Kozinets suggests students read material they wouldn't normally come across, such as science fiction or scientific journals. He also asks students to consider what people are reading, what their diets are like, what their concerns are -- and how it might be possible to structure a good or service around that.

Turning to the experts
It's an approach that's also followed by IDEO, a product design firm based in Palo Alto, Calif., that created such products as the Palm V. IDEO project teams have anywhere from two to eight people, and include members such as industrial designers, interaction designers, mechanical engineers or materials experts.

Tom Stat, director of business development for IDEO, says the company looks at real people and their needs.

"There's a saying around here that people don't want products," he explains. "People want to do what people want to do. It's not about fighting with the cell phone, laptop or VCR. It's about talking with friends and family, accessing or processing information. Struggling with the product is not supposed to be part of the activity. The perfect product is invisible."

Companies looking to develop new products also turn to innovation experts, such as Gerald "Solutionman" Haman, the founder of SolutionPeople in Chicago.
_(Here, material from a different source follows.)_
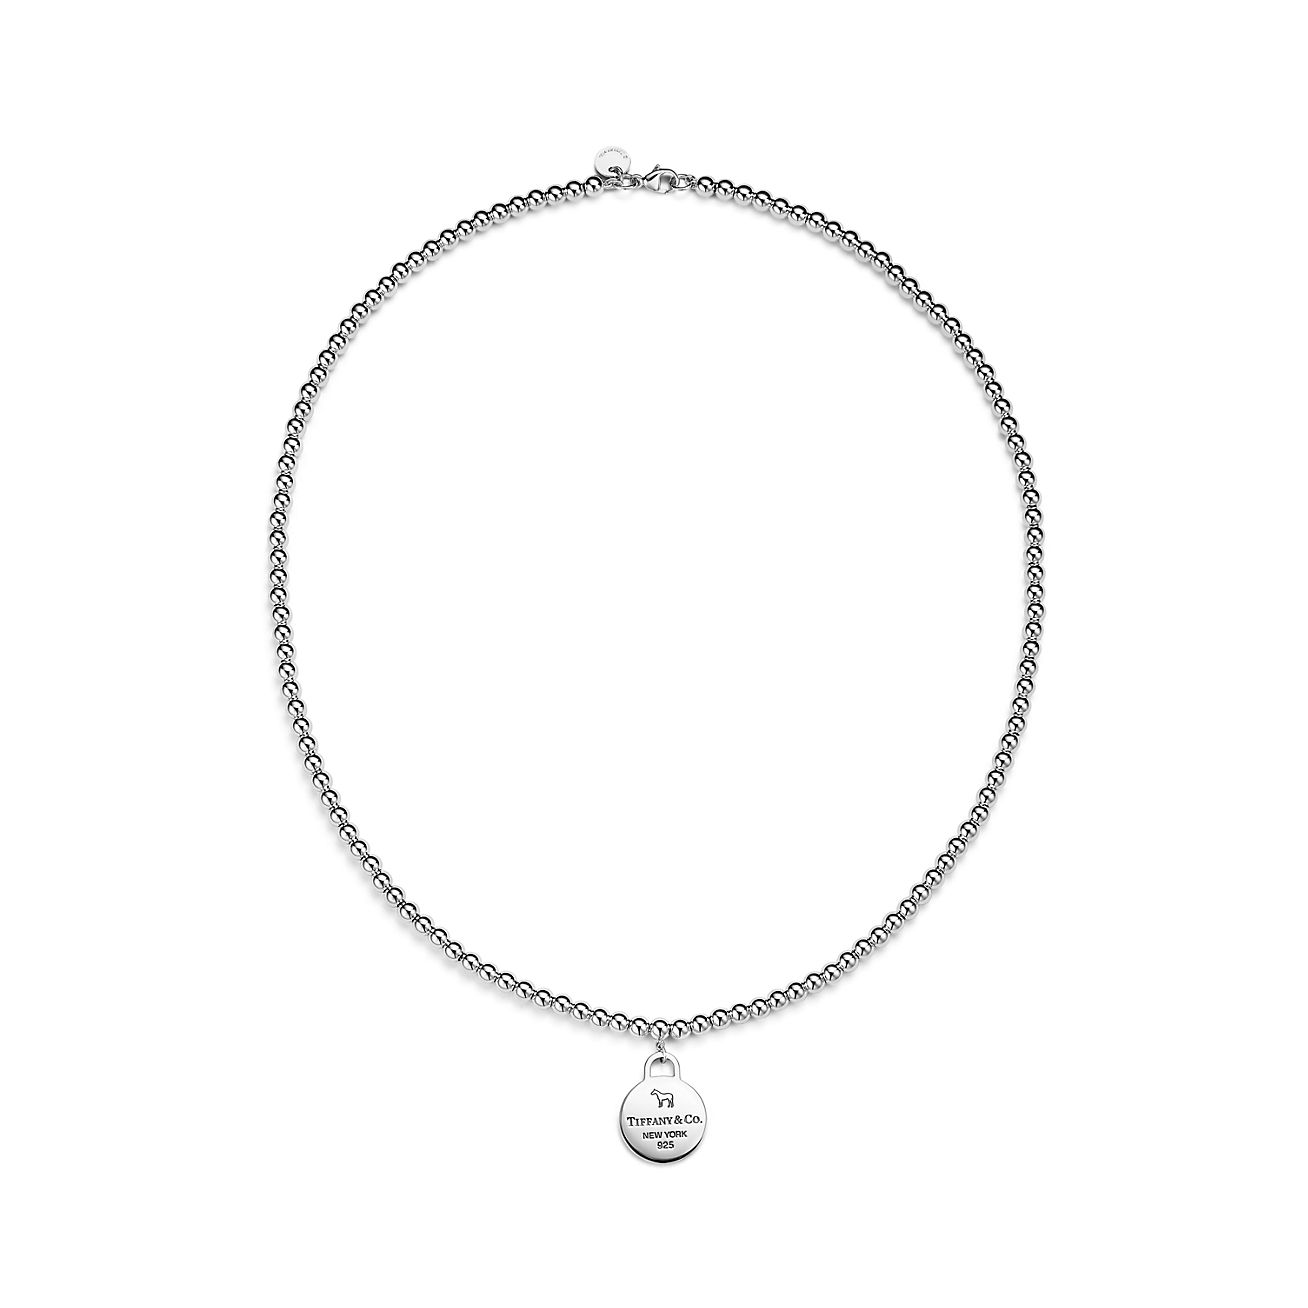 The Return to Tiffany® x Beyoncé Collection Round Tag Necklace in Silver

Kozinets brings such experts into his classroom. Haman has helped companies such as Dow, Kraft, Adidas and General Mills brainstorm by placing them in "Thinkubators," or thought-provoking meeting places.

"If people want to 'think outside of the box,' they should not be put in a box," contends Haman, who makes appearances in his 'Solutionman' costume -- like Superman with a light bulb head. Many teams experience "cubicle creativity," Haman says, whereby the size of their ideas is influenced by the amount of space in which they have to think.

To overcome such creative blocks, SolutionPeople works with companies using a four-step process of investigating needs, creating ideas, evaluating solutions and activating plans. In addition to dozens of other activities intended to foster creativity, the company takes groups to see the Blue Man Group and follows up with brainstorming sessions.

The MMM edge

Kellogg's MMM program also proves a great source for the sort of creativity that leads to product innovation. "Creativity and entrepreneurial drive are essential for successful managers," says Distinguished Professor Sunil Chopra, who serves as co-director of MMM with colleague Professor Wally Hopp. Both faculty members point to a recent survey conducted by the school revealing that, since the start of the program a decade ago, nearly 20 percent of MMM graduates have gone on to own or found a company.

"Our core course on product development deals with the process of bringing new products to market," explains Hopp. "We give students experience in a number of key areas centered around turning a new product into a real business."

Hopp also points out the strengths of the MMM Entrepreneurship Program, which sponsors teams of students who actually pursue the launch of new businesses. A number of these students have actually started companies while still enrolled at Kellogg. To fulfill the program's Integration Project requirement, students work closely with faculty to turn a technological innovation into a business venture.

Whatever—and whomever—the creative process of product innovation involves, companies must ensure that they have many channels from which to import ideas, Sawhney says. "You have to look in many places, because you get different kinds of ideas from different sources. It's important to have a cross-functional team involved so you have many voices. That adds to the richness of the ideas."